Interpreting the results of the QuadReg command requires an understanding of how the coefficients translate into a real-world context. From the results displayed on the TI-84, we can see that the estimated regression equation is as follows: happiness = -0.1012(hours)² + 6.7444(hours) – 18.2536. Each part of this mathematical model tells a story about the relationship between labor and emotional well-being.

The negative value of the a coefficient (-0.1012) confirms our visual observation that the parabola opens downward, indicating a maximum point of happiness.

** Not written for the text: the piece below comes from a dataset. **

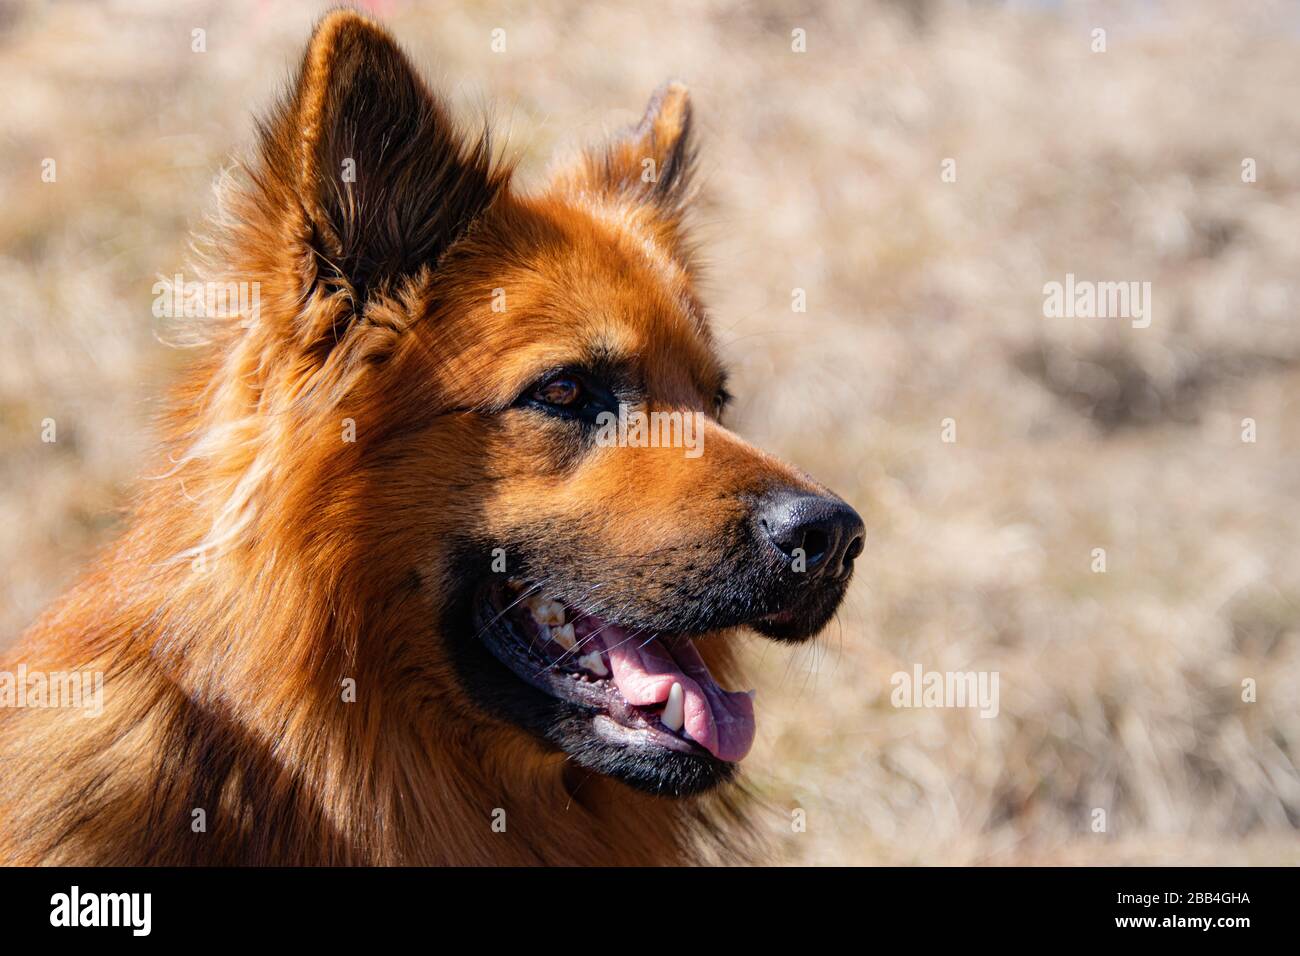 visage d'un chien brun-rouge, nez noir, bouche ouverte, dents et langue, fond flou, fourrure douce Banque D'Images

The b coefficient (6.7444) and the c constant (-18.2536) further define the slope at the y-intercept and the vertical shift of the curve. Together, these values allow us to use the equation to find the predicted happiness of an individual, given any specific number of hours they work per week.

For example, an individual that works 60 hours per week is predicted to have a happiness level of 22.09. This is calculated by substituting 60 for “hours” in our equation: happiness = -0.1012(60)² + 6.7444(60) – 18.2536 = 22.09. This low score suggests that excessive work hours may correlate with a significant decline in reported happiness, likely due to fatigue or lack of leisure time.

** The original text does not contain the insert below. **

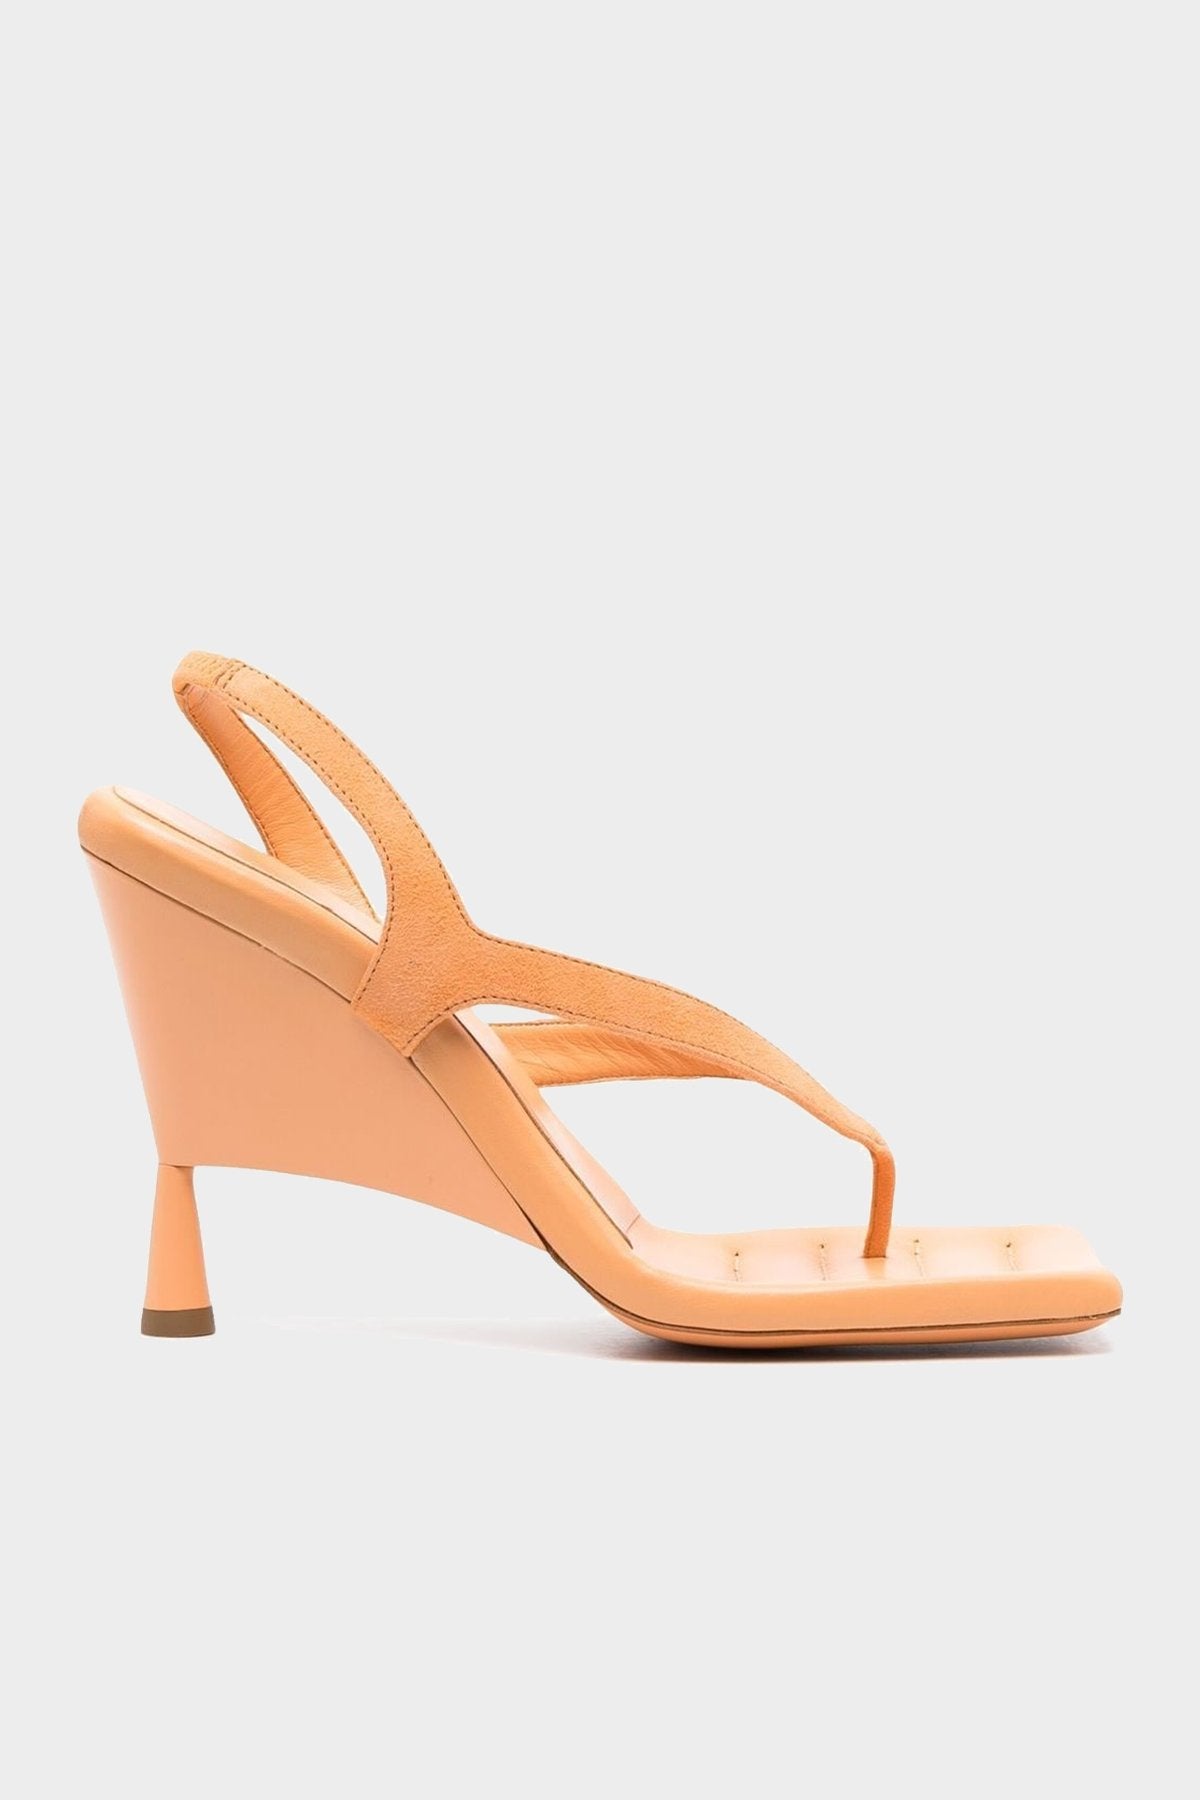 Suede Thong Wedge Sandal in Light Orange - shop-olivia.com

Conversely, an individual that works 30 hours per week is predicted to have a happiness level of 92.99: happiness = -0.1012(30)² + 6.7444(30) – 18.2536 = 92.99. This much higher score suggests that a 30-hour work week is closer to the optimal balance for this particular group of subjects. Such predictive modeling is invaluable for organizational psychology and policy-making.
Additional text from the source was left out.